Residuals

A transcript of Residuals presentation, by Rebecca Pillinger

To watch the presentation go to Residuals - listen to voice-over with slides and subtitles (If you experience problems accessing any videos, please email info-cmm@bristol.ac.uk)
See also - Residuals FAQs

Let's begin by revising residuals for a single level model. So in this case, the residual for each observation is just the difference between the value of y predicted by the equation and the actual value of y that we observe. So in other words it's an estimate for the error term e_i.

So, we can write it like this in symbols- y_i hat is the predicted value of y and y_i is the observed value of y

And that means we can calculate the residuals like this, taking the predicted value from the observed value.

If we want a visual way to think of this, then the residual is simply the distance between the data point and the regression line.

So here we have a graph with lots of data points and a regression line, and if we now add on a couple of residuals, here we have in pinky-purple e_43, that's the residual for observation 43, and you can see that's just the distance between the data point and the regression line, and then over on the left, in green, we have e_20, that's the residual for the 20th observation, and again you can see it's the distance between the data point and the regression line.

So now, going to the multilevel case, we have the same basic idea, but it's a bit more complicated now, because we have two error terms, so that means we're going to have two residuals: an estimate for u_j and an estimate for e_ij.

So the level 2 residual, the estimate for u_j, is just the distance from the overall regression line to the line for the group.

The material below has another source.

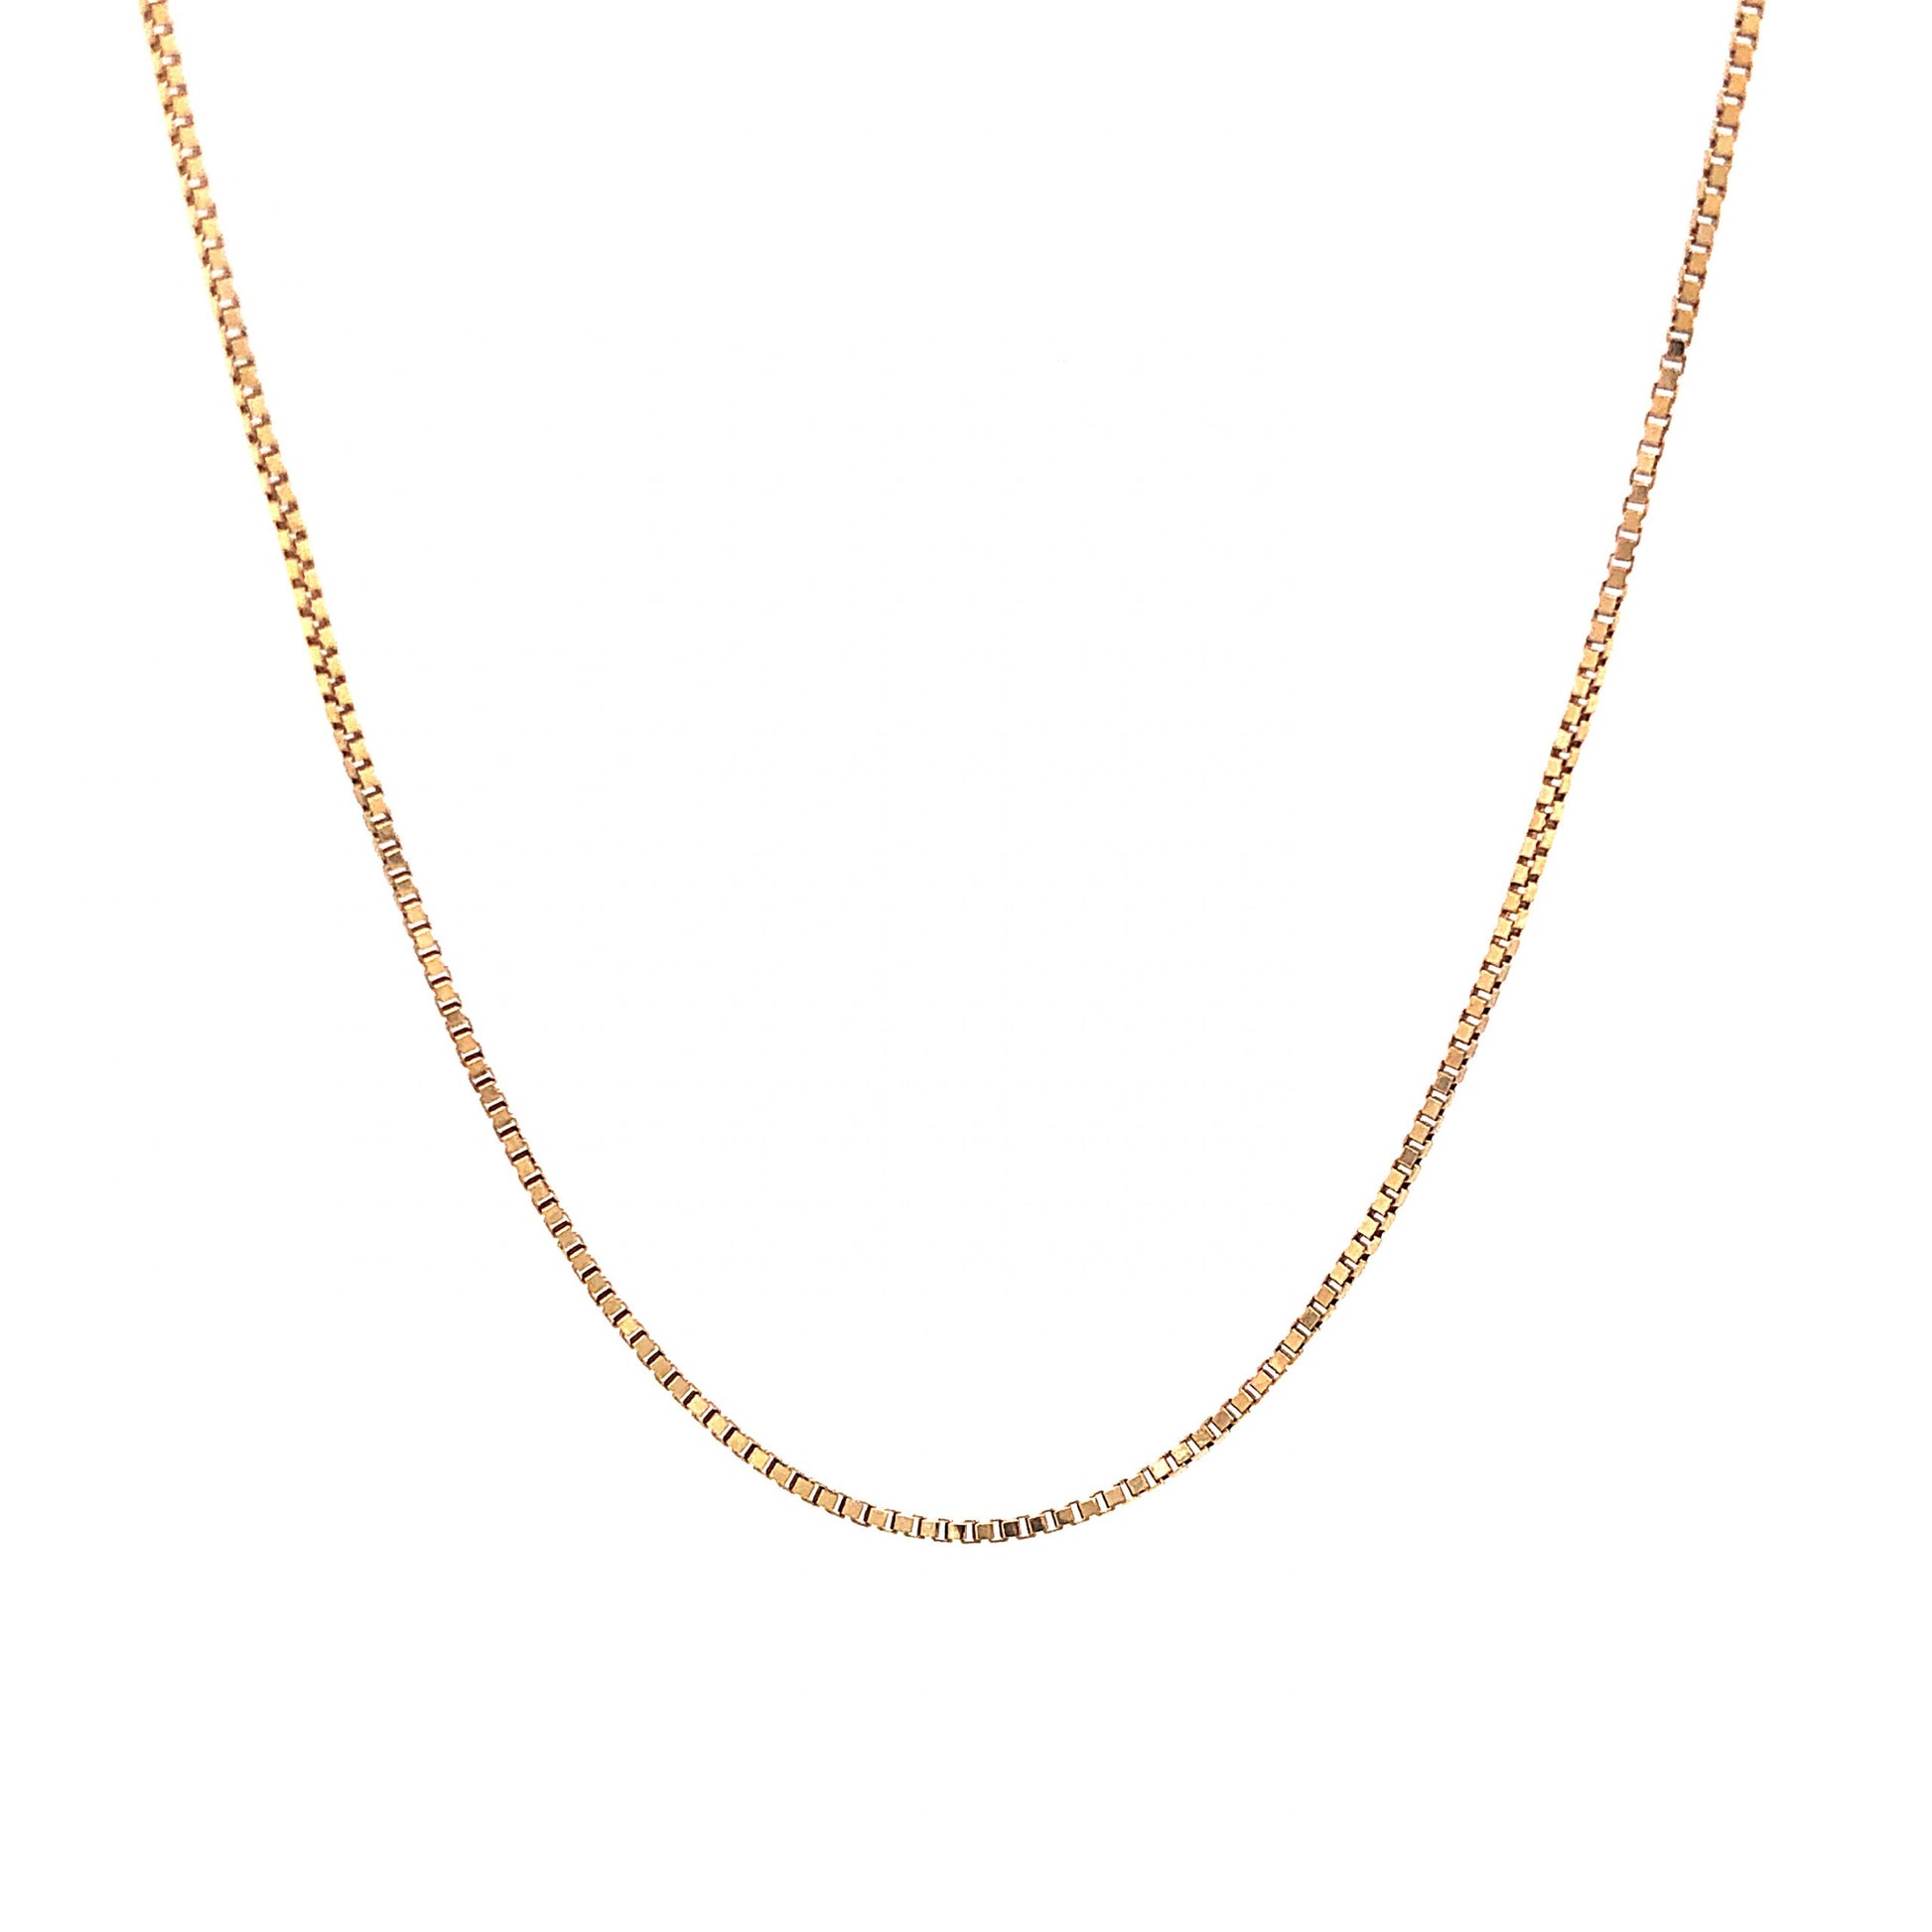 19 Inch Pendant Chain in 14k Yellow GoldComposition: 14 Karat Yellow Gold Total Gram Weight: 2.5 g Inscription: 14K ITALY

So if we have a look at the graph again, we can imagine that these are exam results, so along the x-axis we have the score at age 11 and on the y-axis we have the score at age 16, and the colours show which school each pupil belongs to, so two points that are the same colour are two pupils from the same school, and we can add in now the lines for each school, and now the level two residuals, so in pinky purple we have u_7, that's the level two residual for school 7, you can see it's the distance between the line for school 7 and the overall regression line, and then in green we have u_3, that's the level two residual for school 3, and again you can see that's the distance between the overall regression line and the line for school 3.

So then the other residual that we have is the estimate for e_ij, the level one residual, and that's the distance from the line for the group to the data point.

So, going back to the graph, we have in pinky purple e_1,7, that's the residual for pupil 1 in school 7, the level one residual, and you can see that's the distance between the data point and the line for school 7, and then in green, we've got e_5,3, that's the level one residual for pupil 5 in school 3, and again you can see that's the distance between the observation for pupil 5 in school 3, and the line for school 3.

‌

And now if we add in the other residuals for the pupils in those two schools, you can see that in school 7, the pinky-purple school, all of the pupils share the same level two residual, u_7, but they each have their own individual level one residual: e_3,7, e_4,7, e_6,7 and so on. And similarly in the green school, they all share the level two residual, u_3, but they have their own individual level one residuals, e_7,3, e_4,3, e_5,3 and so on. And that's the same for all the other schools.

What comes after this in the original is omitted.